At my back, Oscar seemed to relax, settling for a long wait with his head pillowed on the half-empty water bladder in my assault pack, one hand laid possessively over my face, and his heated weight along my ass and thighs. I had to assume his other hand held his weapon, so he could defend us if we were noticed. My knife hilt dug into my hip bone. Anyone who got too close to shoot would be mine.

The horses were brought closer and admired in Pakhto. My guess was they didn't have the delicate lines an Arab would admire. The horses whickered, and one struck sparks from a stone. Loose shoe nail, probably.

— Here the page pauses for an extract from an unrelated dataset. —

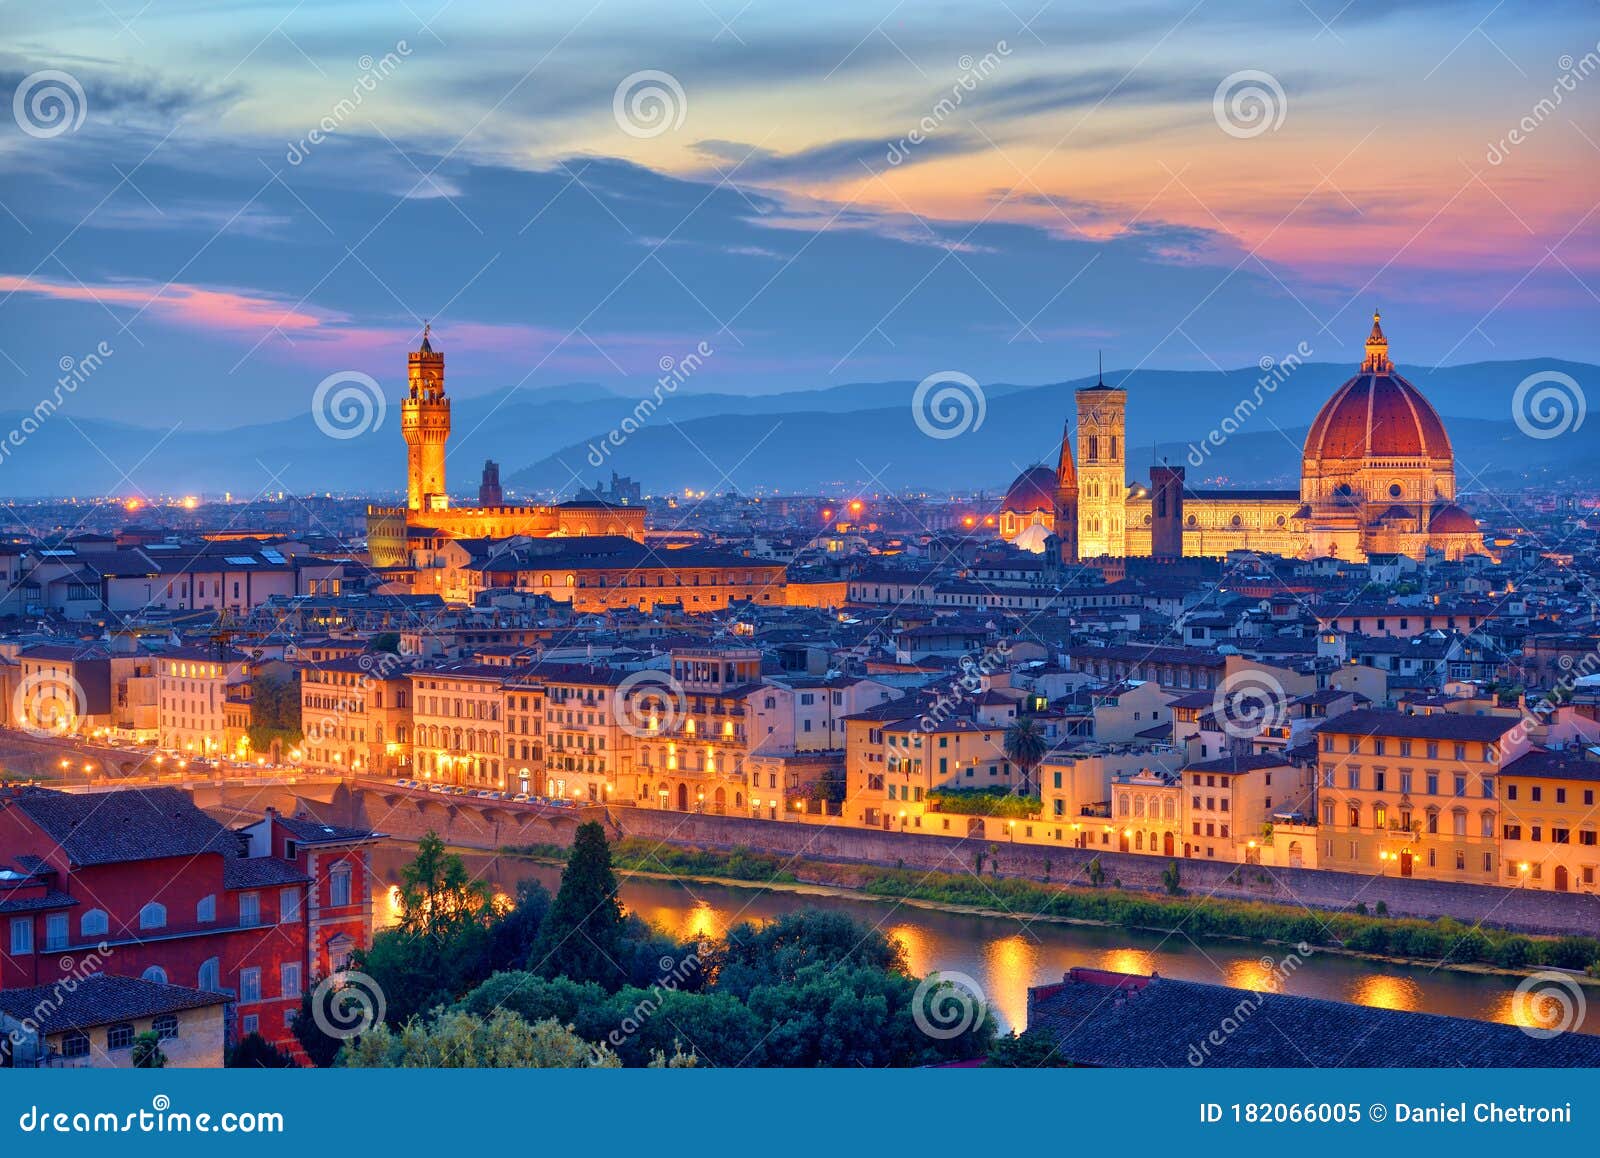 Maken toegang vacuüm Florence, Tuscany - Night Scenery with Duomo Santa Maria Del Fiori,  Renaissance Architecture in Italy Stock Image - Image of landmark, city:  182066005

My face heated. I should have checked their feet while checking the hobbles. Childishly, I noted that Oscar hadn't checked his mount's feet either. Not that it was my horse, or his, any more. Not unless we managed to shoot nine riflemen in the dark without shooting the horses.

Someone murmured a prayer of thanks for the horses. Shoes scuffed over rock.

Then a nasal voice spoke Pakhto, with a Pakistani accent. “American saddles and gear. Why would those Americans abandon them here, not where the helicopter landed or at the
ziarat
?"

A ziarat—a shrine—was close by. Even if we were captured, they would likely take captives to the shrine. I grinned. We could demand sanctuary there. Once the proper demand was made, the enemy would need apostates with bombs to get us out.

We wouldn't be allowed to keep our weapons or leave, though. That was the downside of ziarat sanctuary.